Lampard: “I remember (Abramovich) landing at Harlington, coming and speaking to us and for me the landscape of the club changed in an instant because of the desire for excellence. A desire for excellence in training facilities at the time, standards on the pitch at the time, and I don’t think the levels have dropped since.”


Chelsea finished the 2003-04 season second in the Premier League, 11 points adrift of Arsenal’s Invincibles, and bowed out of the Champions League to Monaco in the semi-finals after beating Arsene Wenger’s greatest side in the previous round. Ranieri did not survive the trophyless campaign, establishing a trend of managerial change at Stamford Bridge that has largely endured since. The club’s new trajectory was well and truly set.
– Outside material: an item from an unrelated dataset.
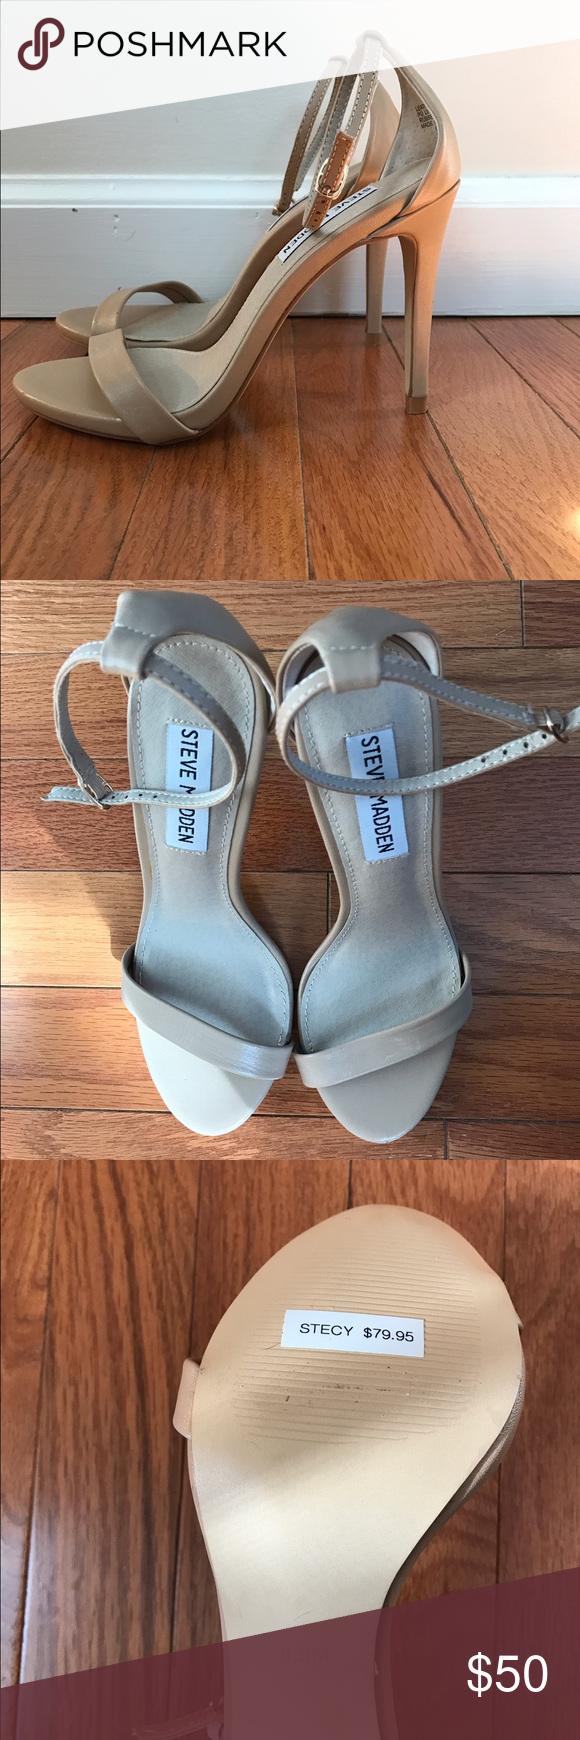 Steve Madden Stecy nude Nude ankle strap heels! Never worn! Steve Madden Shoes Heels

The subsequent Champions League final between Porto and Monaco became a de facto audition for Ranieri’s replacement, which Jose Mourinho convincingly won over Didier Deschamps. Another wave of Abramovich spending followed in the summer of 2004 but the core of the squad that would win Chelsea’s first league title for 50 years the following season was already largely in place: Lampard and Terry both made huge strides in Ranieri’s final season while, of the headline-grabbing 2003 signings, only Veron and Mutu played no role in the successes to come.

Abramovich’s takeover of Chelsea in 2003 always felt seismic and the passage of time has only underlined its significance. In one frantic summer, one man changed English football forever.